Tarif jasa angkutan laut untuk speedboat Ternate tujuan Sofifi mengalami perubahan harga tiket menjadi sebesar Rp 55 ribu. Perubahan ini bersifat sementara dan mulai berlaku tanggal 4 September 2022.

Kenaikan tarif angkutan penyeberangan laut ini dilakukan berdasarkan keputusan Pemprov Maluku Utara setelah kenaikan harga BBM yang dilakukan pemerintah pusat.

BACA JUGA Daftar Lengkap Kenaikan Tarif Kapal dan Speedboat Wilayah Maluku Utara

Iksan Adam, Direktur Koperasi Mutiara Manggadua Ternate selaku pengelola jasa angkutan speedboat yang beroperasi di Pelabuhan Semut menyatakan, tarif speedboat Ternate tujuan Sofifi naik 10 persen untuk speedboat berbahan bakar minyak tanah dan 15 persen untuk speedboat dengan bahan bakar jenis lainnya (BBM jenis pertalite).

BACA JUGA  Daftar Pejabat yang Dikembalikan ke Posisi Semula oleh Pj Gubernur Malut

“Untuk speedboat Ternate tujuan Sofifi rata-rata menggunakan bahan bakar minyak tanah. Dengan kenaikan 10 persen itu maka menjadi sebesar Rp 55 ribu dari harga tiket sebelumnya Rp 50 ribu,” jelas Iksan, kepada kieraha.com, Minggu malam WIT.

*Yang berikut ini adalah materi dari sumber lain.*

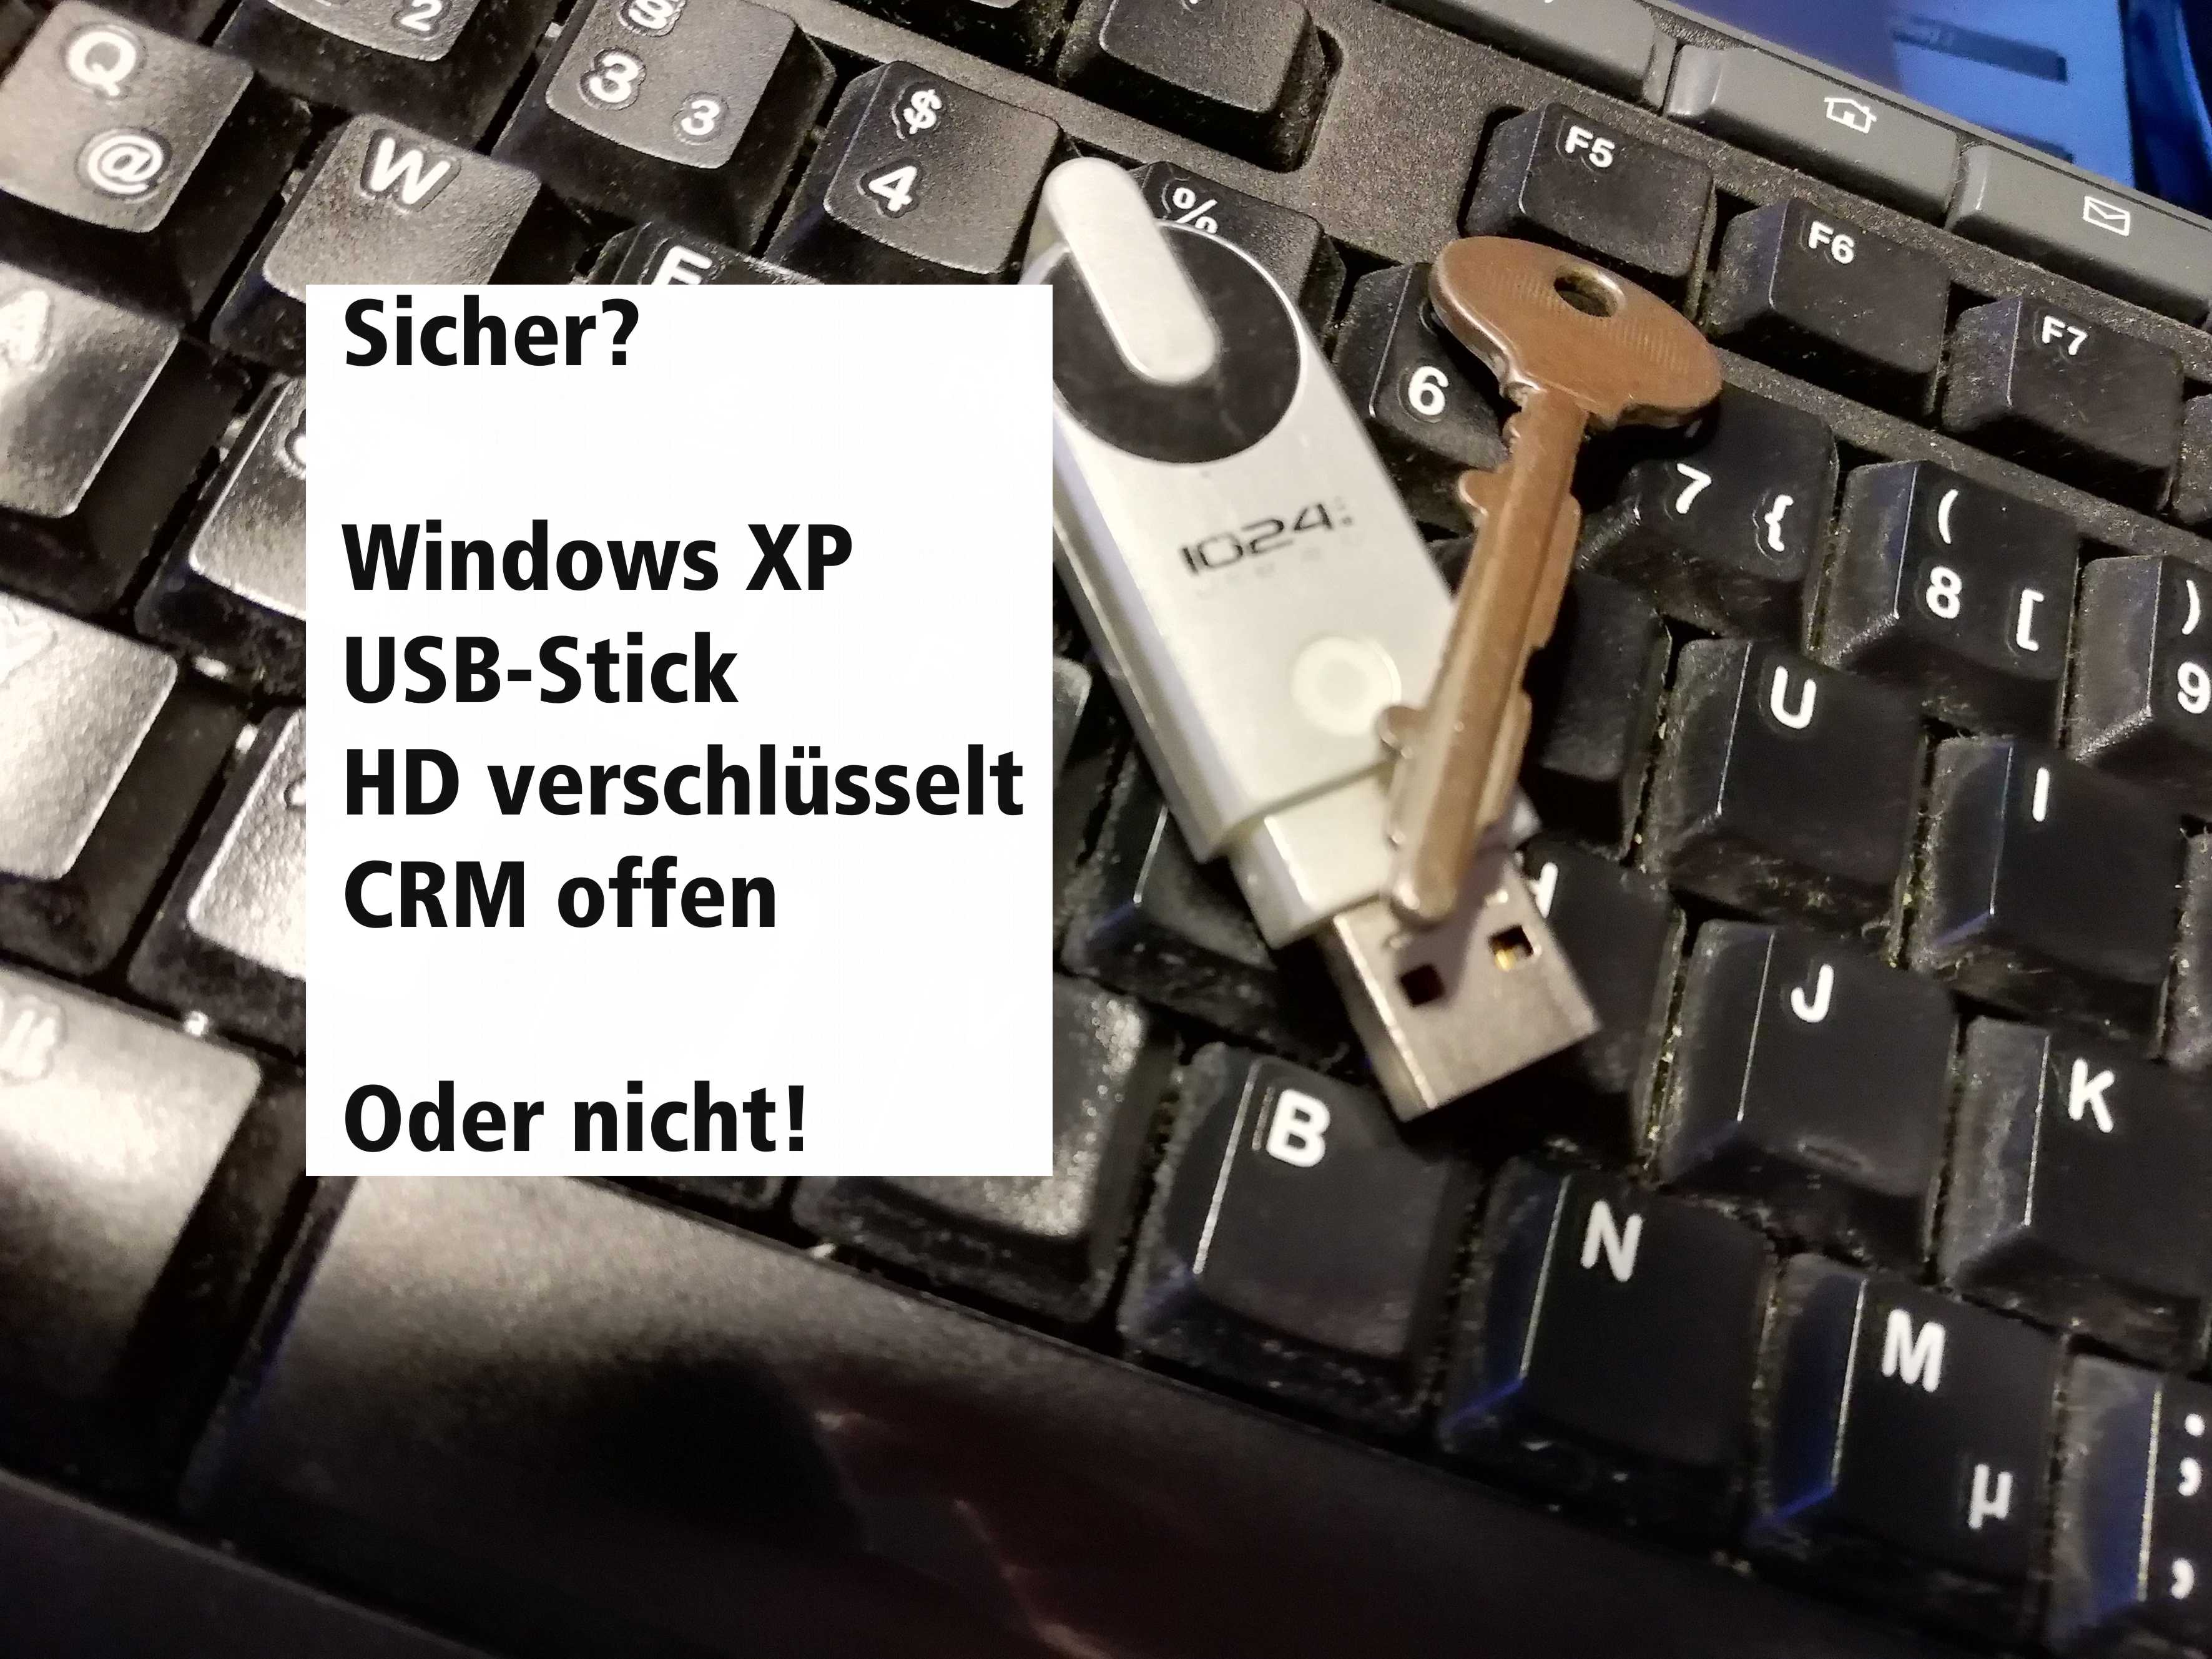 Sicher? Windows XP, USB-Stick, HD verschlüsselt, CRM offen - Oder nicht! - Michael Tönsing, MT MARKETEER

Ia menyatakan, kenaikan tarif speedboat dengan bahan bakar minyak tanah bukan akibat dari kenaikan harga BBM yang dilakukan pemerintah pusat.

“Tapi karena kami masih menggunakan tarif speedboat dengan regulasi SK Gubernur 2016. Sampai sekarang belum ada perubahan. Sementara penetapan regulasi itu dilakukan hanya untuk BBM jenis minyak tanah dan dengan harga minyak tanah saat itu,” lanjutnya.

Pemprov Jangan Tutup Mata

BACA JUGA  Pemda Halmahera Selatan Lepas 194 JCH Menuju Ternate

Iksan mengemukakan, masalah yang dialami motoris speedboat ini adalah persoalan penyaluran BBM jenis minyak tanah yang diatur hanya untuk rumah tangga dan bukan untuk pengusaha maupun industri.

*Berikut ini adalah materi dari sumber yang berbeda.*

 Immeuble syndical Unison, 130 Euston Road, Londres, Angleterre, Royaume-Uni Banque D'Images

“Ini yang jadi masalah. Ini yang menyebabkan motoris speedboat melakukan aksi unjuk rasa. Jadi aksi demo itu bukan karena kenaikan harga BBM, tapi karena BBM jenis minyak tanah ini dilakukan sweeping terkait regulasi penggunaan minyak tanah. Sehingga kami berharap Pemerintah (Provinsi Malut) tidak menutup mata melihat persoalan ini,” ujarnya.

Ia berharap adanya perhatian pemerintah provinsi mengenai masalah bahan bakar ini.

“Kalau memang BBM jenis minyak tanah dilarang untuk speedboat terus kami ini mau bagaimana. Kami seperti memakan buah simalakama,” sambungnya.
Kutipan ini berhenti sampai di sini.